This base URI is also stored within the DOM tree.
- -feedbackAfter <#bytes>
- If -feedbackAfter <#bytes> is specified,
the tcl command given by -feedbackcmd is evaluated
at the first element start within the document (or an external
entity) after the start of the document or external entity or the
last such call after #bytes. For backward compatibility if no
-feedbackcmd is given but there is a tcl proc named
::dom::domParseFeedback this proc is used as -feedbackcmd. If there
isn't such a proc and -feedbackAfter is used it is an error to not
also use -feedbackcmd. If the called script raises error, then
parsing will be aborted, the dom parse call
returns error, with the script error msg as error msg. If the
called script return -code break, the parsing will
abort and the dom parse call will return the empty
string.
- -feedbackcmd <script>
- If -feedbackcmd <script> is specified,
the script script is evaluated at the first
element start within the document (or an external entity) after the
start of the document or external entity or the last such call
after #bytes value given by the -feedbackAfter
option. If -feedbackAfter isn't given, using this
option doesn't has any effect. If the called script raises error,
then parsing will be aborted, the dom parse call
returns error, with the script error msg as error msg. If the
called script return -code break, the parsing will
abort and the dom parse call will return the empty
string.
- -externalentitycommand <script>
- If -externalentitycommand <script> is
specified, the specified tcl script is called to resolve any
external entities of the document. The actual evaluated command
consists of this option followed by three arguments: the base uri,
the system identifier of the entity and the public identifier of
the entity. The base uri and the public identifier may be the empty
list. The script has to return a tcl list consisting of three
elements. The first element of this list signals how the external
entity is returned to the processor. Currently the two allowed
types are "string" and "channel". The second element of the list
has to be the (absolute) base URI of the external entity to be
parsed. The third element of the list are data, either the already
read data out of the external entity as string in the case of type
"string", or the name of a tcl channel, in the case of type
"channel". Note that if the script returns a tcl channel, it will
not be closed by the processor. It must be closed separately if it
is no longer needed.
- -useForeignDTD <boolean>
- If <boolean> is true and the document does not have an
external subset, the parser will call the -externalentitycommand
script with empty values for the systemId and publicID arguments.

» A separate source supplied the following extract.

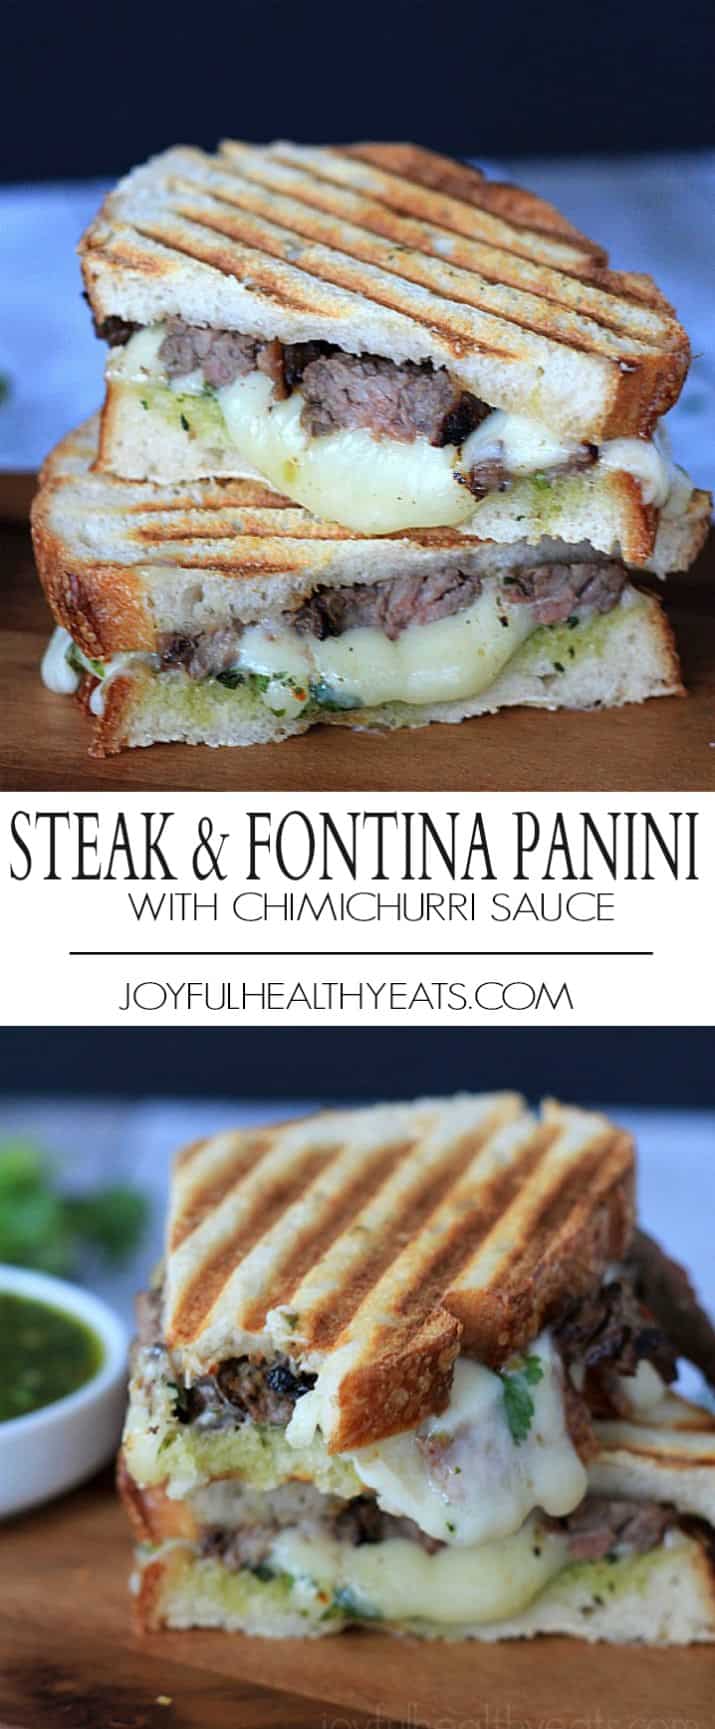 An amped up sandwich recipe using Grilled Fajita Steak, fontina cheese, and topped with a spicy fresh herb Chimichurri sauce for the ultimate Panini! | joyfulhealthyeats.com

Please note that if the document also doesn't have an internal
subset, the -startdoctypedeclcommand and -enddoctypedeclcommand
scripts, if set, are not called. The -useForeignDTD respects
- -paramentityparsing
<always|never|notstandalone>
- The -paramentityparsing option controls, if
the parser tries to resolve the external entities (including the
external DTD subset) of the document while building the DOM tree.
-paramentityparsing requires an argument, which
must be either "always", "never", or "notstandalone". The value
"always" means that the parser tries to resolves (recursively) all
external entities of the XML source. This is the default in case
-paramentityparsing is omitted. The value "never"
means that only the given XML source is parsed and no external
entity (including the external subset) will be resolved and parsed.
The value "notstandalone" means, that all external entities will be
resolved and parsed, with the exception of documents, which
explicitly states standalone="yes" in their XML declaration.
- -ignorexmlns
- It is recommended, that you only use this option with the
-html5 option. If this option is given, no node
within the created DOM tree will be internally marked as placed
into an XML Namespace, even if there is a default namespace in
scope for un-prefixed elements or even if the element has a defined
namespace prefix. One consequence is that XPath node expressions on
such a DOM tree doesn't work as may be expected. Prefixed element
nodes can't be selected naively and element nodes without prefix
will be seen by XPath expressions as if they are not in any
namespace (no matter if they are in fact should be in a default
namespace). If you need to inject prefixed node names into an XPath
expression use the '%' syntax described in the documentation of the
of the domNode command method >selectNodes.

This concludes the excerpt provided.